In case you are interested

Had a conversation on facebook with a bunch of other grad students about this article today: Native hunting rights unfair to rest of us . It was published in yesterday's Peterborough Examiner.

Not, in this case, really a WS issue - but it does, I think tell us something about the myth of decolonization: that Canada is now ever-so-much-better at dealing with Indigenous peoples.

Anyway, here's my response:

I was appalled to read the letter from Mr. Robinson in yesterday’s Peterborough Examiner. There are so many problems with it that I do not even know where to start. I am sorry that apparently Mr. Robinson was unhappy with his hunting trip this year, but to blame this on our country’s native population is ludicrous. My failure to capitalize native here is, by the way, intentional. I am writing not about a single group of people that we white Canadians label or define when we have no right to do so, but about the many peoples descended from those who lived here long before contact – who, interestingly enough, never seem to have any trouble managing wildlife populations before we, regrettably, came along and stuck our noses in.

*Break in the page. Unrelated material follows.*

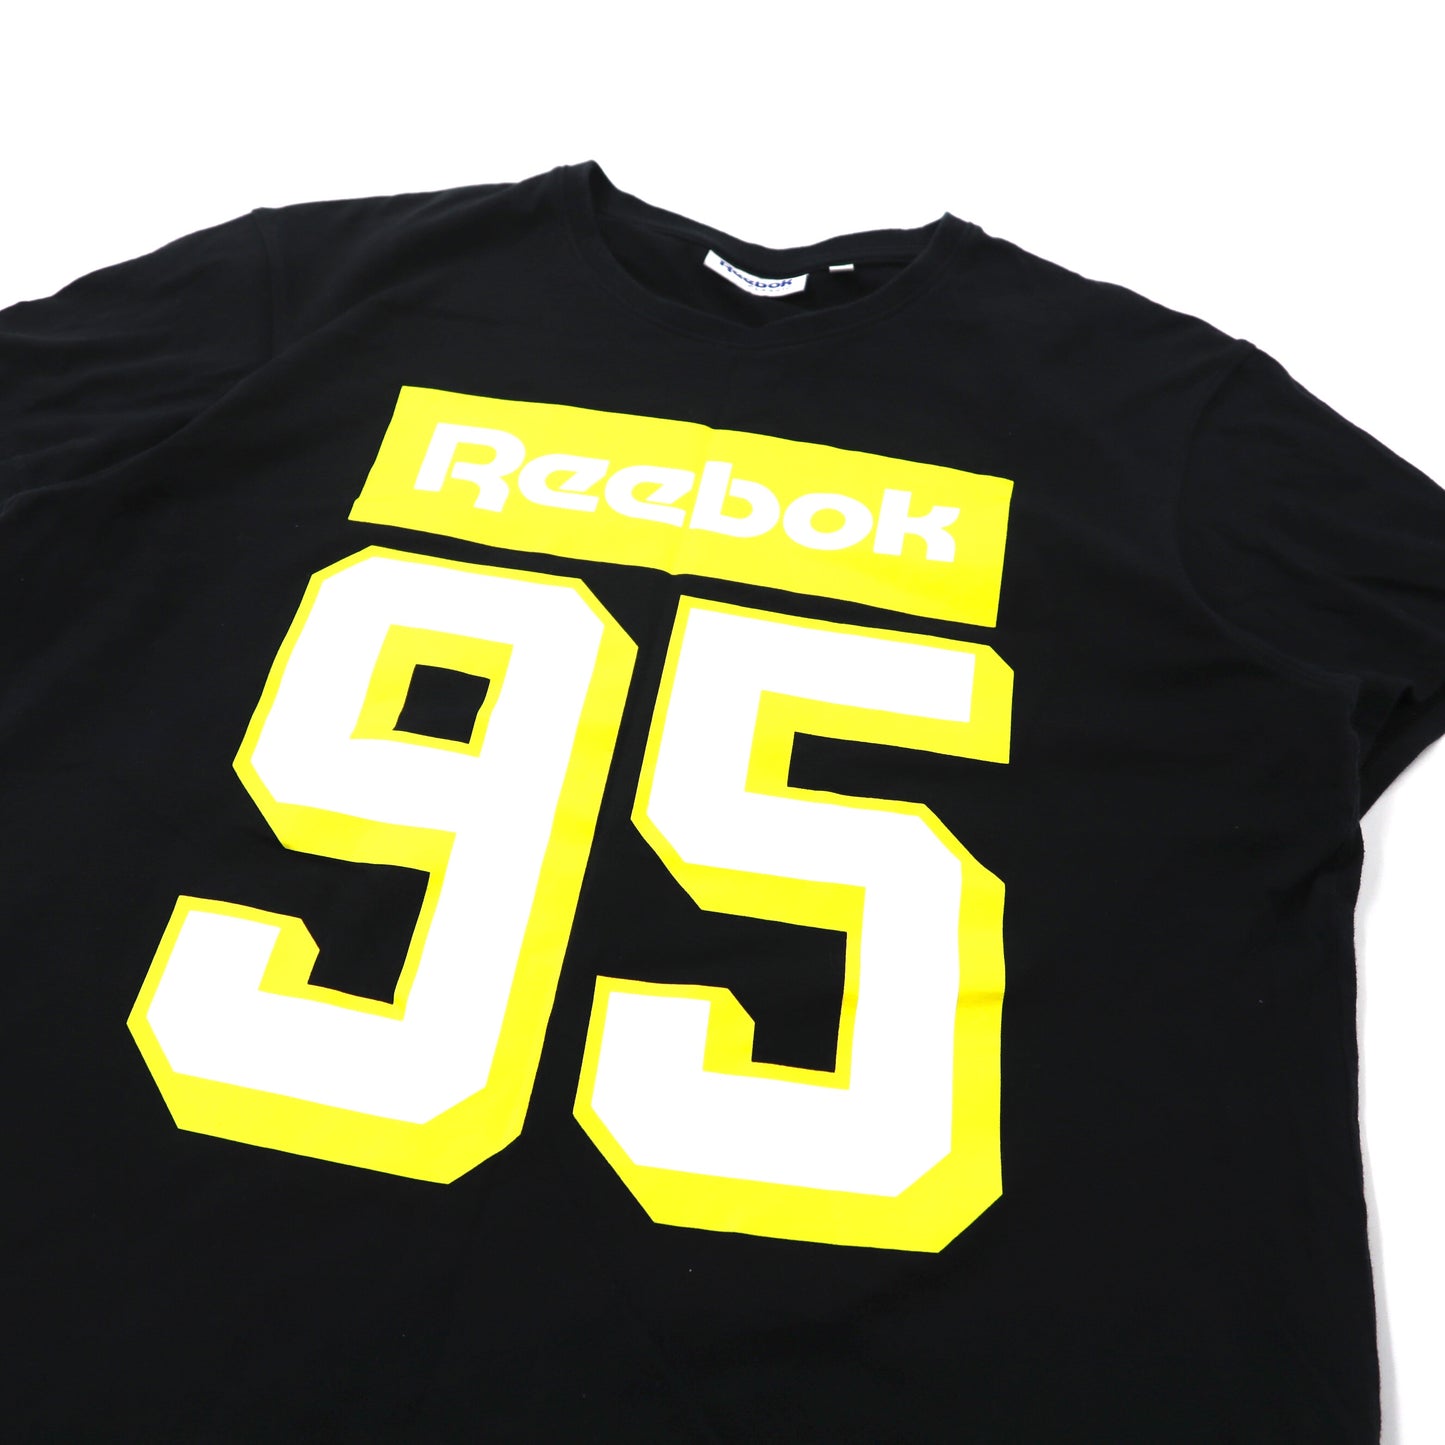 Reebok CLASSIC ナンバリングTシャツ M ブラック コットン

Even a most basic reading of Canada’s (deplorable) treaties would clarify, first of all, that hunting rights were not, as Mr. Robinson writes, given away. They are among the few things that even the Canadian state acknowledges were and are protected in the (deplorable) treaties. If we were, indeed, all born equal, why is it that we white, descended-from-European-Canadians get to make (and enforce) all the rules? They were here first, and were willing to co-operate and support the early European settlers, and share their many resources with us. Many native groups continue, in spite of the many ways we have used and abused their people, to be willing to work with us to attempt to find co-operative solutions to the many issues colonialism has created – and continues to create, for that matter. How dare we – any of us – suggest that we have the right to shove our beliefs, principles and laws on them?

Mr. Robinson’s letter was sadly ill-informed and racist – but even more appalling than the fact that he thought to write it is the fact that The Peterborough Examiner thought it was acceptable to print. It was, most assuredly, not.

The editor called today and said that it would be printed within the "next couple of days."